**THE TASK:** Please write out the entire listing below exactly, excluding its pictures.

**RECORDED INFORMATION:**
= = =
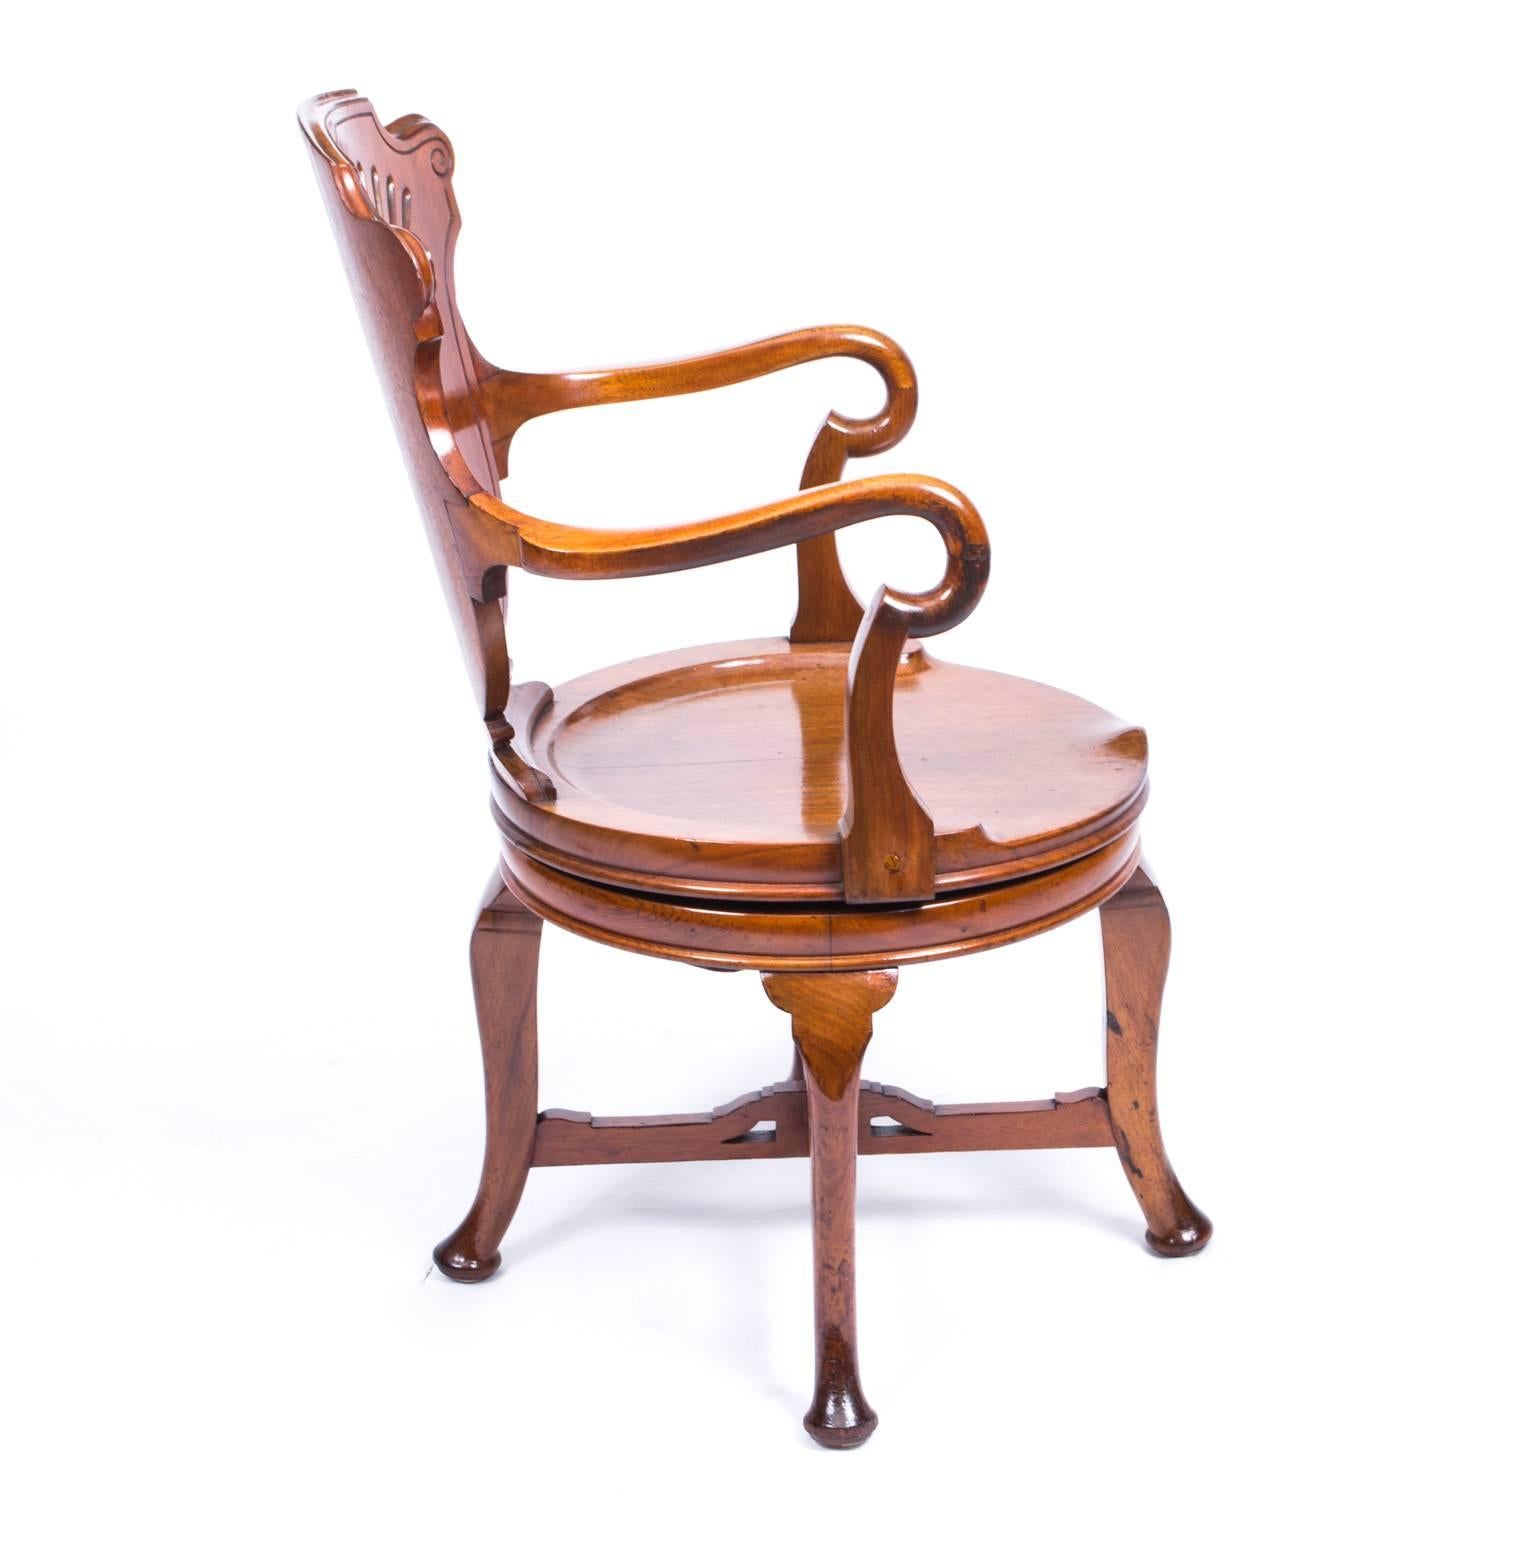 This is a superb antique late 19th century walnut revolving desk chair. 

It is made of very high quality solid solid walnut with a beautiful and decorative shell carved back with shepherd's crook arms and saddle seat. It is raised on cabriole
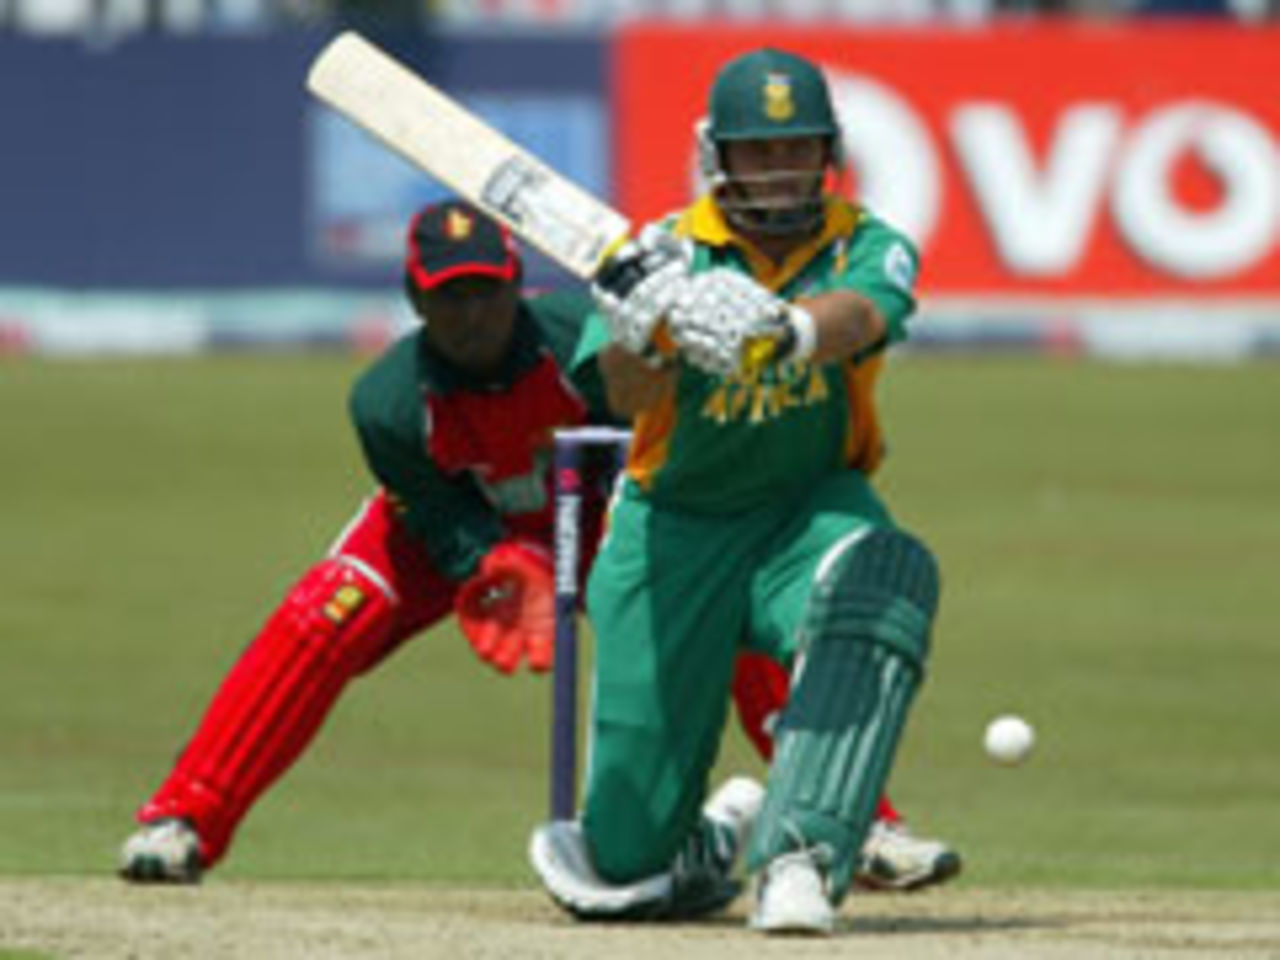 Jacques Kallis: scored a career-best 125 not out against Zimbabwe at Canterbury
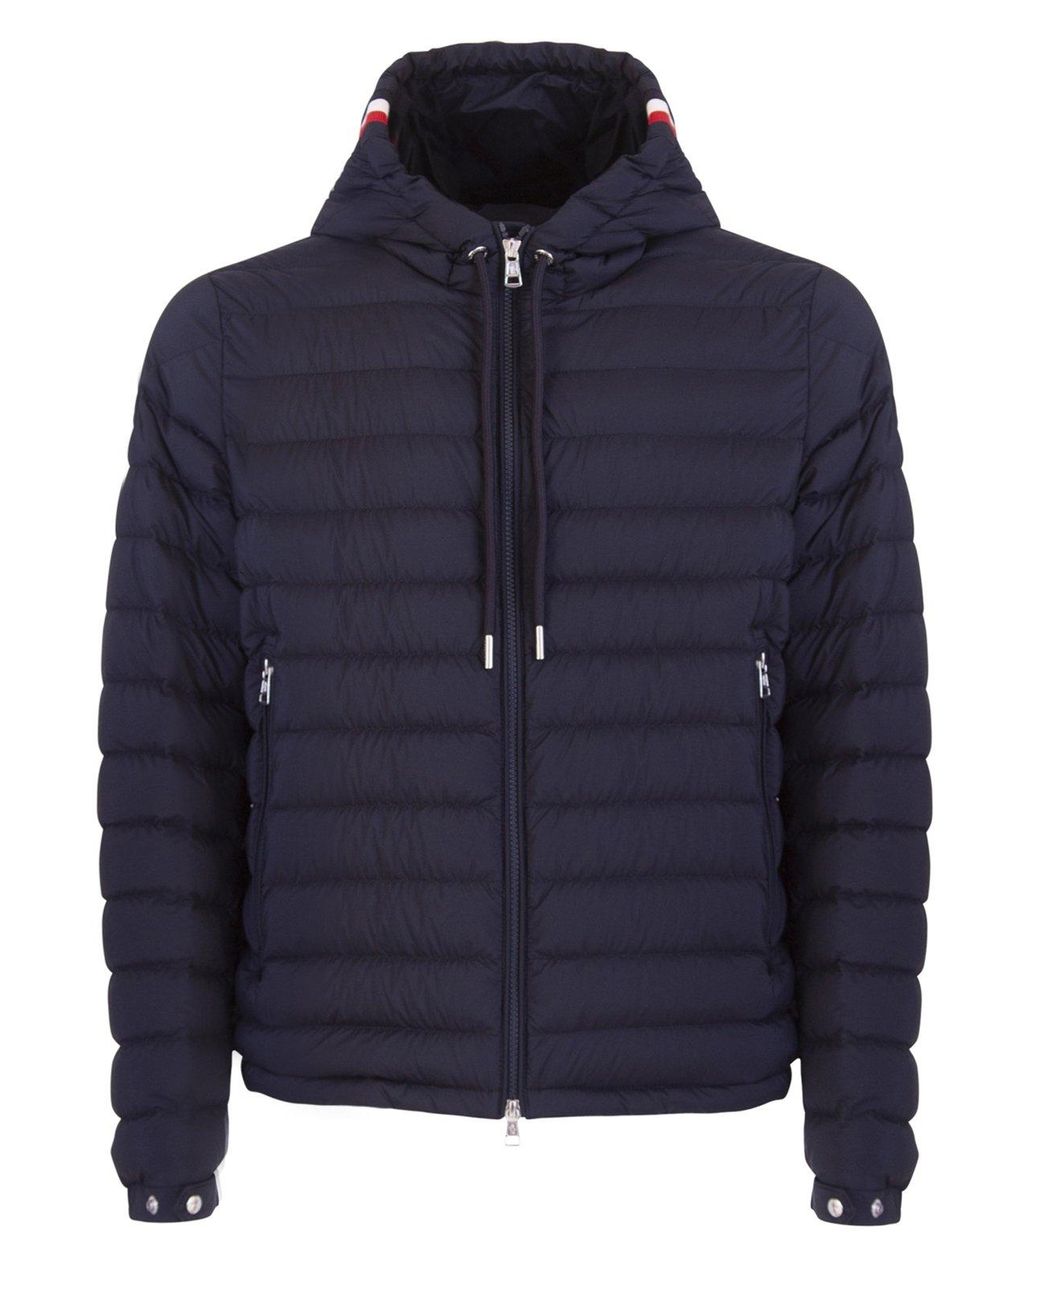 Moncler Synthetic Puffer Jacket in Blue for Men - Lyst
= = =
**EXERCISE RESPONSE:**
 This is a superb antique late 19th century walnut revolving desk chair. 

It is made of very high quality solid solid walnut with a beautiful and decorative shell carved back with shepherd's crook arms and saddle seat. It is raised on cabriole
 Jacques Kallis: scored a career-best 125 not out against Zimbabwe at Canterbury
 Moncler Synthetic Puffer Jacket in Blue for Men - Lyst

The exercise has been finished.